I've got three of these now, greed? 



vinn said:


> beautiful bulovas. can you get any crystals for those? does any one make an after - market crystals? (with the name and numbers) my Space View has a cracked crystal. [please excuse the non - stop questions] - vinn


 You can still find original crystals, there are still a few about in the USA.


----------



## vinn (Jun 14, 2015)

thanks roy, how would i locate these "USA guys"?


----------



## Roy (Feb 23, 2003)

vinn said:


> thanks roy, how would i locate these "USA guys"?


 http://www.accutron214.com/AccutronParts/Pages/SpaceviewCrystals.htm

Also eBay can be a good place to find them.


----------



## vinn (Jun 14, 2015)

*thanks again roy, i visited the site - vinn*


----------



## Roy (Feb 23, 2003)

This is getting silly, meet the triplets :laugh:
View attachment 9862


----------



## tixntox (Jul 17, 2009)

I hankered after one of those for ages but when I finally got one, I was underwhelmed and flipped it fairly quickly.
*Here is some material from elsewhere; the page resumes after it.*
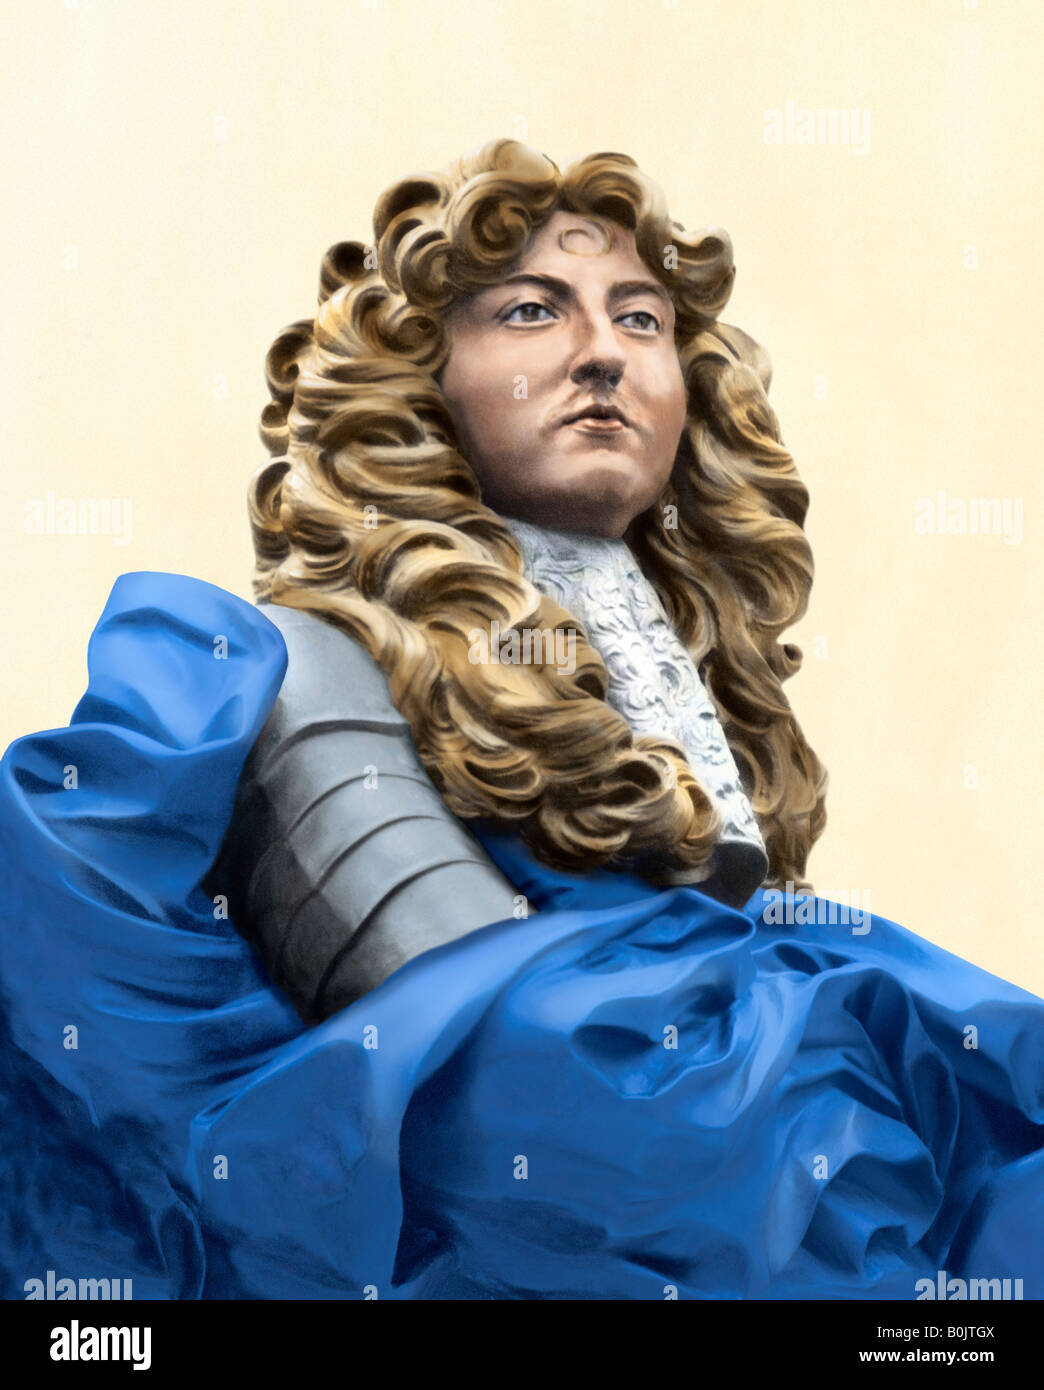 Busto del rey francés Luis XIV en el distrito histórico de la ciudad de Quebec en Canadá. Color digitalmente fotografía de una estatua Foto de stock

I've had a couple of hummers but the Omega was my favourite ,,,,,,,,,,,,,,,,,,,,,,,,,,,,,,,,,,,,,,, until I flipped that too! 

Mike


----------



## ETCHY (Aug 3, 2004)

Roy said:


> This is getting silly, meet the triplets :laugh:
> View attachment 9862


 Wristwatch porn :swoon:


----------



## Guest (Apr 30, 2016)

Roy said:


> This is getting silly, meet the triplets :laugh:
> View attachment 9862


 can you ever have too much of a good thing? ..they are not cream buns after all............mmmmmm cream buns :swoon:

the only open dial watches on the planet that i like :thumbsup:


----------



## Roy (Feb 23, 2003)

True Bruce I don't wear them, just look and listen to them, sad or what :laugh:


----------



## Guest (Apr 30, 2016)

Roy said:


> True Bruce I don't wear them, just look and listen to them, sad or what :laugh:


 not sad at all, you should see the stuff i have ...now thats sad :rofl:


----------



## Muddy D (Nov 16, 2013)

Roy said:


> This is getting silly, meet the triplets :laugh:
> View attachment 9862


 Stunning watches, one of these has been on my hit list for a while.


----------



## Roy (Feb 23, 2003)

There's one on Ebay at £1250 : http://www.ebay.co.uk/itm/Vintage-BULOVA-ACCUTRON-SPACEVIEW-M9-Watch-Boxed-With-Papers-/172185939880?hash=item281714efa8:g:aGwAAOSwiYFXI1~2

How MUCH !!!!

Maybe time to get rid :laugh:


----------



## Foxdog (Apr 13, 2011)

Roy said:


> This is getting silly, meet the triplets :laugh:
> View attachment 9862


 Such cool looking watches :yes:

Can't believe you've not synced the second hands Roy ! :biggrin:


----------



## Silver Hawk (Dec 2, 2003)

Roy said:


> This is getting silly, meet the triplets :laugh:
> View attachment 9862


 Look after the crystals on those Roy. :sadwalk:


----------



## Roy (Feb 23, 2003)

Silver Hawk said:


> Look after the crystals on those Roy. :sadwalk:


 I will Paul, I'm not wearing them.


----------



## Silver Hawk (Dec 2, 2003)

Roy said:


> I will Paul, I'm not wearing them.


 :laugh:


----------



## Roy (Feb 23, 2003)

Roy said:


> This is getting silly, meet the triplets :laugh:


 I think I have decided to keep only one of these, it's going to break my heart but they are no good just stuck in a box.
Will keep the middle one and pass on the others. Don't want to put them on the website as would prefer forum members to have them so I am just taking some pics now and will put on the trades section


----------



## mattbeef (Jul 17, 2008)

Most generous of you Roy. Im sure they will get a good home


----------